First of all I’ve been running this gitlab instance for many years now and sidekiq has been the number one problem for as long as I can remember.
But if I just look at the last 6 months this is what is happening.
I notice repos are not being updated so I check background jobs. Now there’s a dashboard but when I started using gitlab you had to check the process table.
Currently sidekiq says sidekiq 5.0.5 gitlab-rails [10 of 25 busy].
And in the Busy queue I see the following 1 week old job.
I know from previous incidents that trying to make it Stop does not help. So for troubleshooting purposes I send TTIN signal to sidekiq and save the log.

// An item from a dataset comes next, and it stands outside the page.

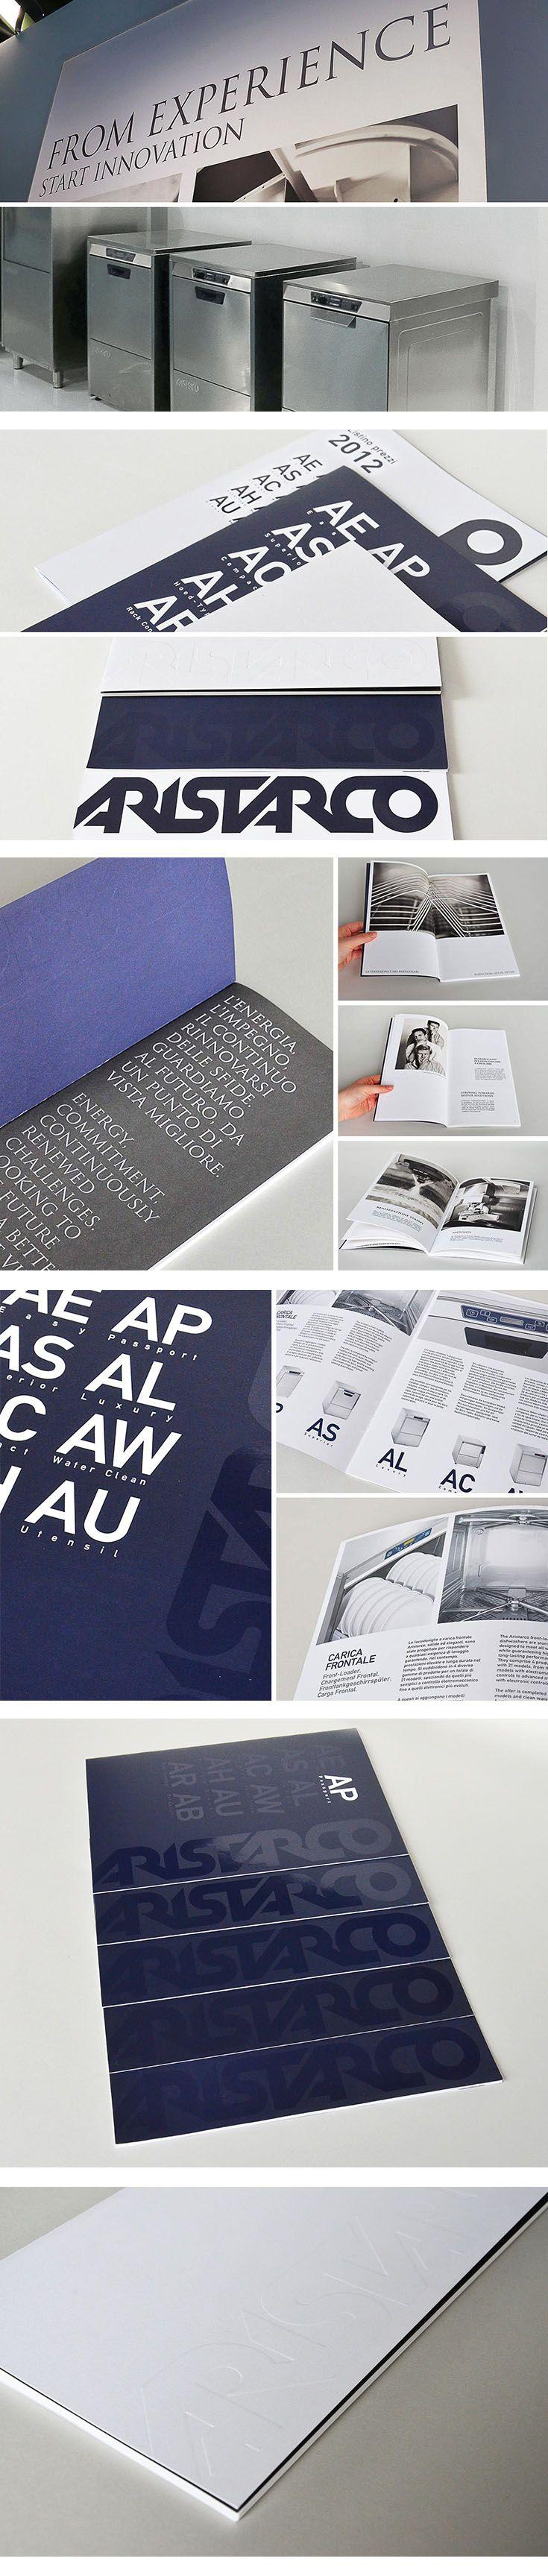 Aristarco, un progetto #effADV - Aristarco, effADV project - #printing #print #catalogue #branding

https://paste.fedoraproject.org/paste/2jsHS5oxnjmtw1Oq-cpIvw (it’s live until august 8th on this link)
I have no idea what it all means but I see a lot of references to connection and blocking so I tried restarting both redis and postgres but it did not help.
Eventually, as with all the other incidents the last 6 months, I’m forced to kill sidekiq with a KILL signal. The bundled gitlab restarts it and jobs tend to go through and repos are updated at this point.
And this repeats at least twice a month. Depending on how much I use gitlab. I seem to discover this issue everytime I create new repos.
The machine I run gitlab on has plenty of resources. It’s a vcenter 6 VM with no swap used, 255M RAM free, 2.7G RAM cached and plenty of disk free on the gitlab volume. Two CPU cores with load average: 0,20, 0,14, 0,13 just before I forcibly kill sidekiq.
It runs CentOS 7.
I’m using the ce package but I’ve separated nginx and postgres. Nginx is on the same system but also used for other sites.
Postgres is on a separate VM in the same subnet and same vcenter cluster.